Here are some tips to make sure you arrive safe and sound.
Map your route in advance (use an up-to-date journey planner app) and be prepared for busy roads during the most popular time of the year.
If possible, consider leaving outside peak travel times to avoid heavy traffic; this could mean very early in the morning or later at night, or you could even try an alternative route.
Have roadside assistance and insurance contact information on hand in case an incident occurs on the road.

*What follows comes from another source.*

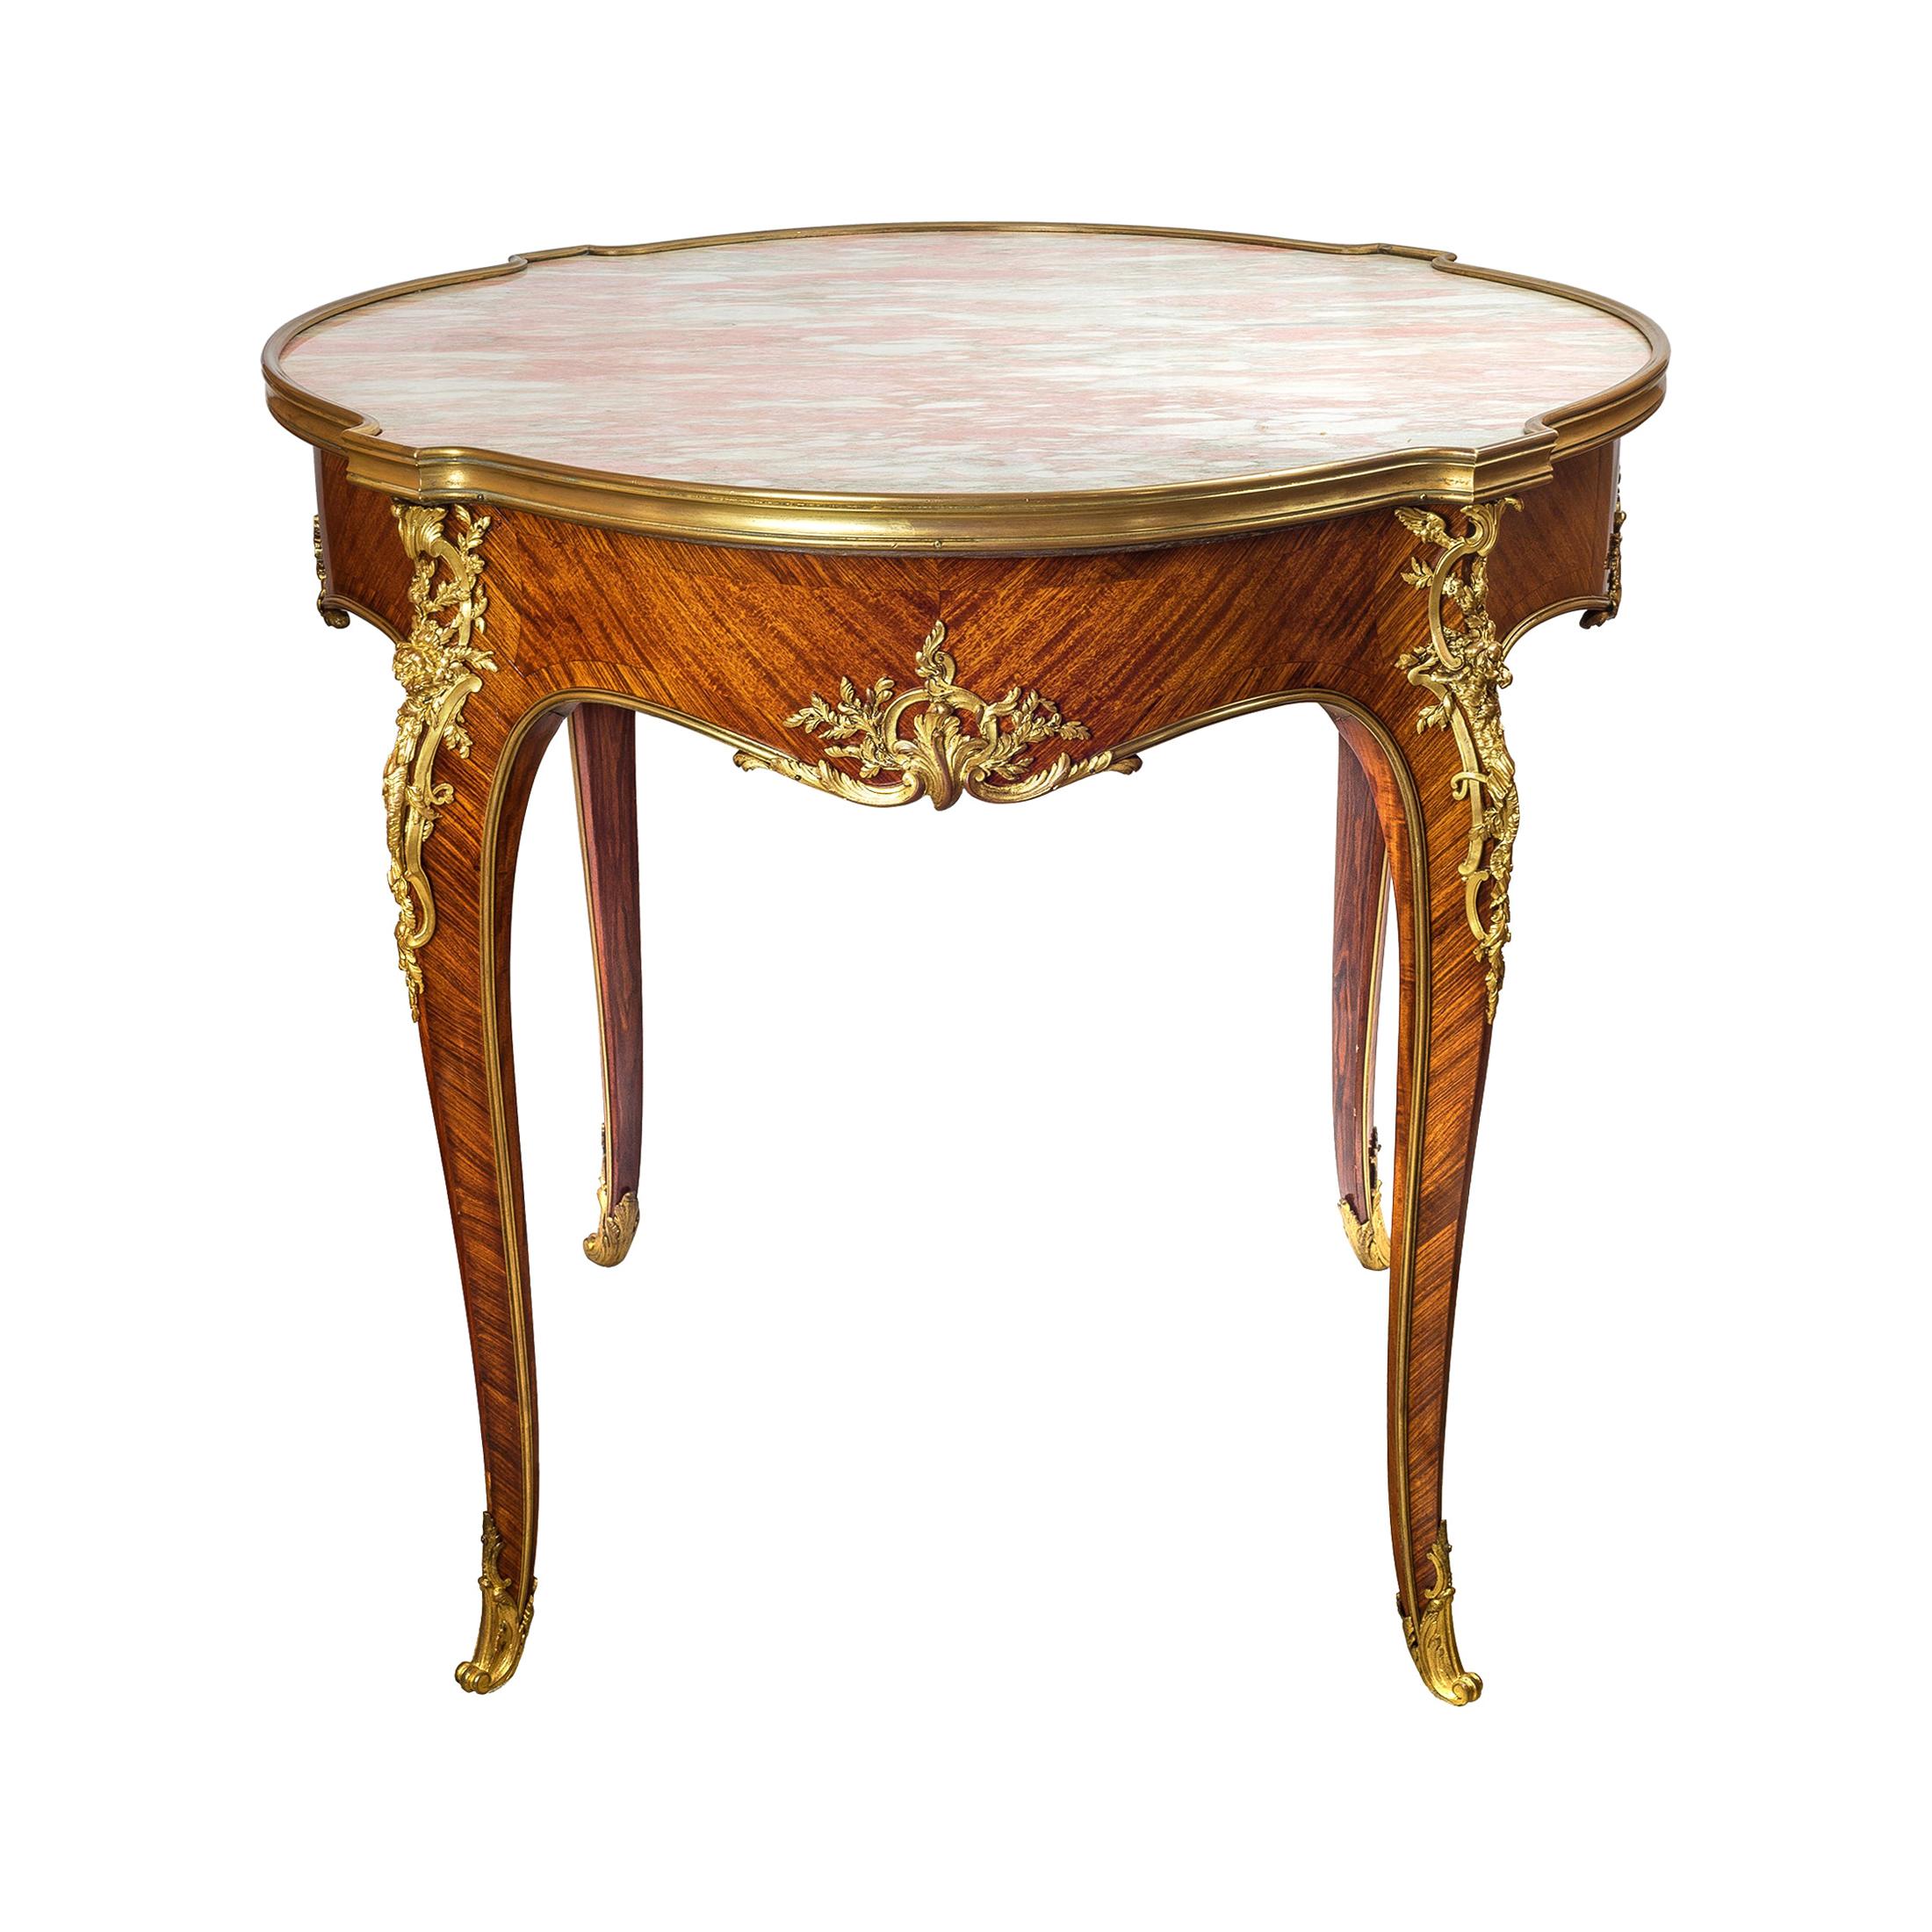 Louis XV-Style Ormolu-Mounted Marble-Top Center Table by Zwiener For Sale

Observe the speed limit and adjust your driving to suit the conditions.
Handy contact information
AA Roadservice: 24/7 Roadside Assistance 0800 500 222 or *222 from your mobile
AA Insurance: weekday 8am – 8pm, weekends 8am – 6pm 0800 500 444
The AA has a handy webpage to assist in organising your journey. You can also use a feature within the map to display where your charging stations will be along the route. Visit the AA Time and Distance Calculator online to learn more.
Consider a pre-trip vehicle inspection, as repairs can be more costly on the road. Common items to check include air conditioning, drive belts, brakes, hoses and clamps – along with fundamentals like drive fluids, oil and water. High temperatures can be harder on your cooling systems, so you’re best to get them checked out before you hit the road to prevent overheating. It may well even be time for a service; be sure to book your service well in advance.
Before heading out, it’s a good idea to get a good night’s sleep to make sure you are fresh and alert; driving when you’re tired can be as dangerous as driving when you’re drunk. This is an alarming thought and one to keep in mind when facing long distances.
Air circulating in the car will help keep you alert, and a good solution is to turn on the air conditioning system. Then to keep that cooled air circulating, you might be tempted to hit the air recirculation button. Ironically, this may contribute to drowsy driving. Air recirculation in a car that’s moving slowly for long periods, such as in a queue on the motorway, can lead to a build-up of carbon dioxide (CO2) and that can make you drowsy. In those circumstances, a blast of fresh air from an open window will help, switch the recirculation button off or put the a/c back into auto mode.
Tips for driving safe
- Avoid driving a long distance in one go
- Take regular breaks to stretch your legs with short walks
- Avoid driving when you would normally be sleeping or likely to be drowsy, such as straight after a substantial meal or if you take medication which causes drowsiness
- Share the driving load with others
- Get a passenger to be your co-driver. They should manage directions, music, answering phone calls and texts, and other in-car distractions
- The passenger should also encourage breaks and meal stops
If you’re drowsy you should:
- Stop and have a rest. A short 15-20 minute power nap will restore your energy; any longer than that, your body may enter deep sleep and leave you feeling even more tired.
- Eat a banana and drink water. While coffee or other caffeinated drinks might seem the obvious choice, they’ll deliver an energy spike but will take a while to be absorbed and won’t have a stimulating effect, especially if you drink coffee regularly.
- Create a few playlists in advance of your journey. Whether it’s Britney Spears or AC/DC, upbeat music can keep your mind active on those long stretches of roads. Audiobooks are also a great way to keep your mind occupied.
Remember to keep safe and enjoy the journey.